Pod Status Is Inconsistent After a Job Is Rescheduled

Symptom

In a multi-node cluster environment, a distributed training job is delivered, resources are sufficient, job rescheduling is enabled, and fault-scheduling is set to grace. In this case, if a fault occurs and rescheduling is triggered, there is a possibility that a pod is in the Running state and a pod is in the Pending state after job rescheduling. Even if the fault is rectified, the state of the pod in Pending remains unchanged.

Cause Analysis

  1. This problem is caused by the incorrect determination of the number of jobs in the open source code.
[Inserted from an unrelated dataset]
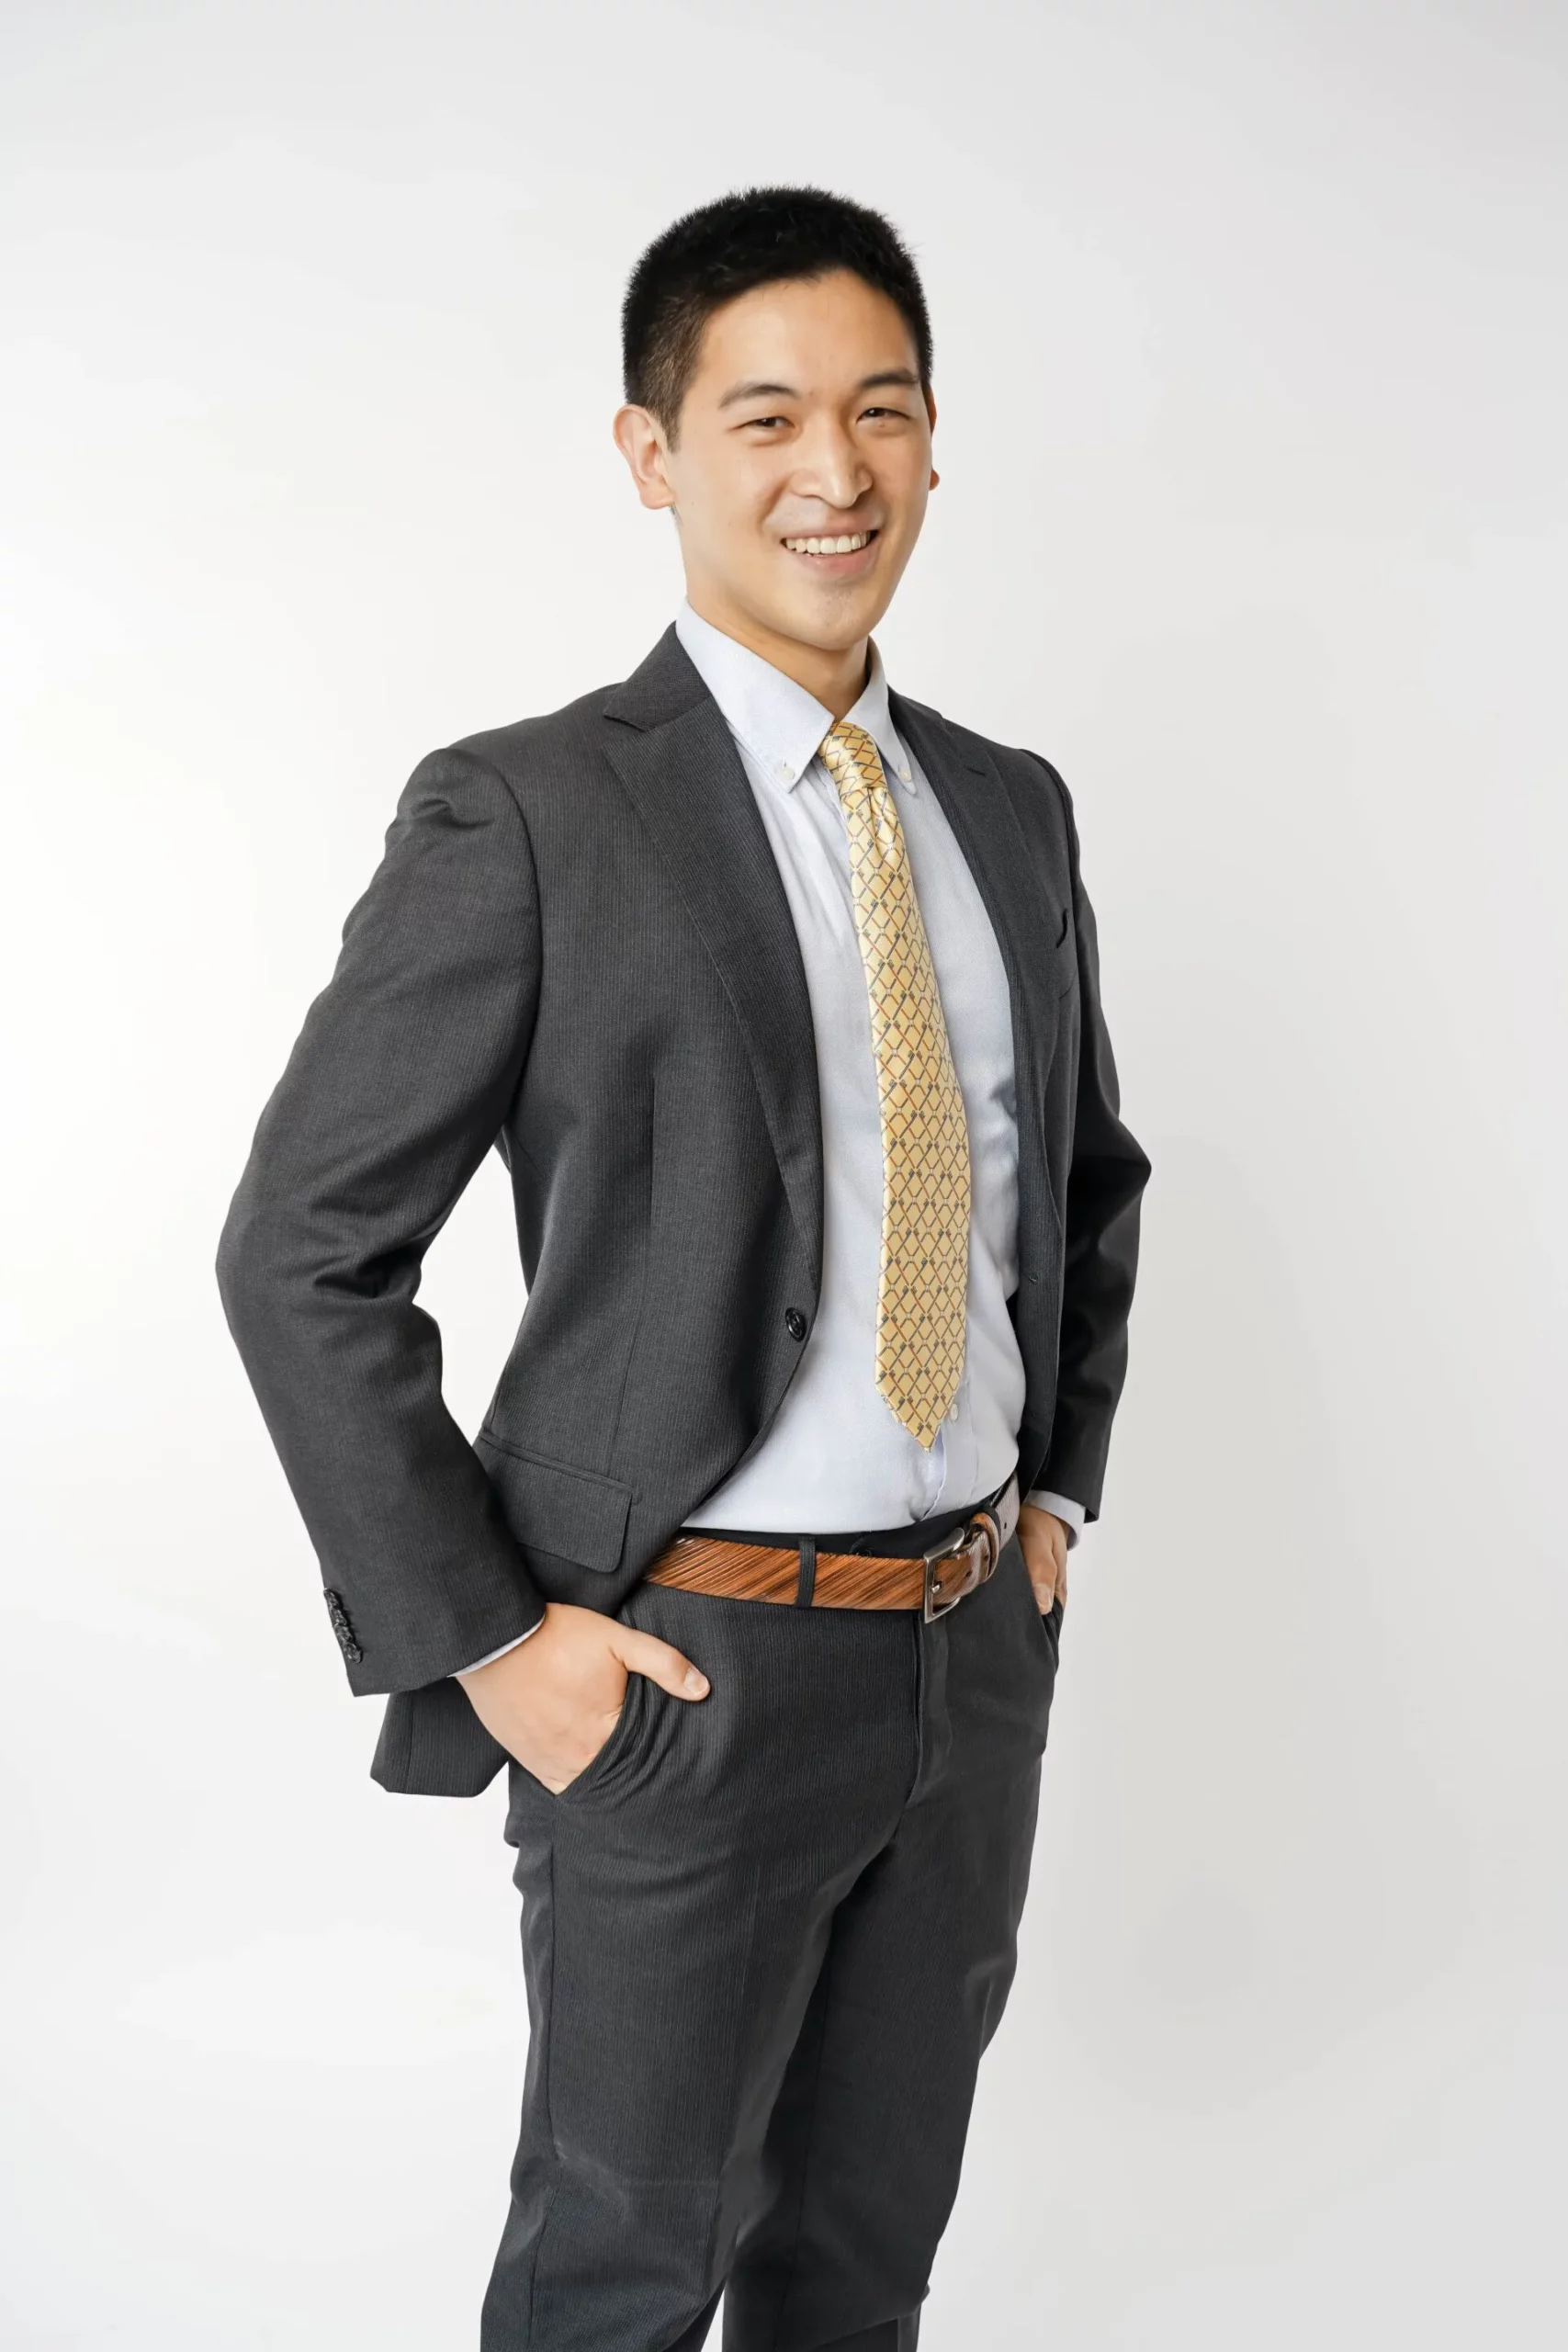 Dr. Michael Hsu

    When the pod is terminated, if the script in the container does not return a non-zero value (that is, 0 is returned), the pod status is Success due to the Kubernetes mechanism. At this time, the pod is destroying resources, and Volcano considers that the pod (not restarted) has been restarted and its status is Success. In this case, the Gang scheduling is triggered, and the Volcano that is restarted first enters the creation phase. When another pod restarts after termination, the pod enters the Pending state due to insufficient resources.

  2. The resumable training script is not used.
  3. Cluster resources are insufficient.

Solution

  • Run the following command to manually delete the running pod:
    kubectl delete pod -n pod_namespace pod_name
  • Delete the job and deliver it again.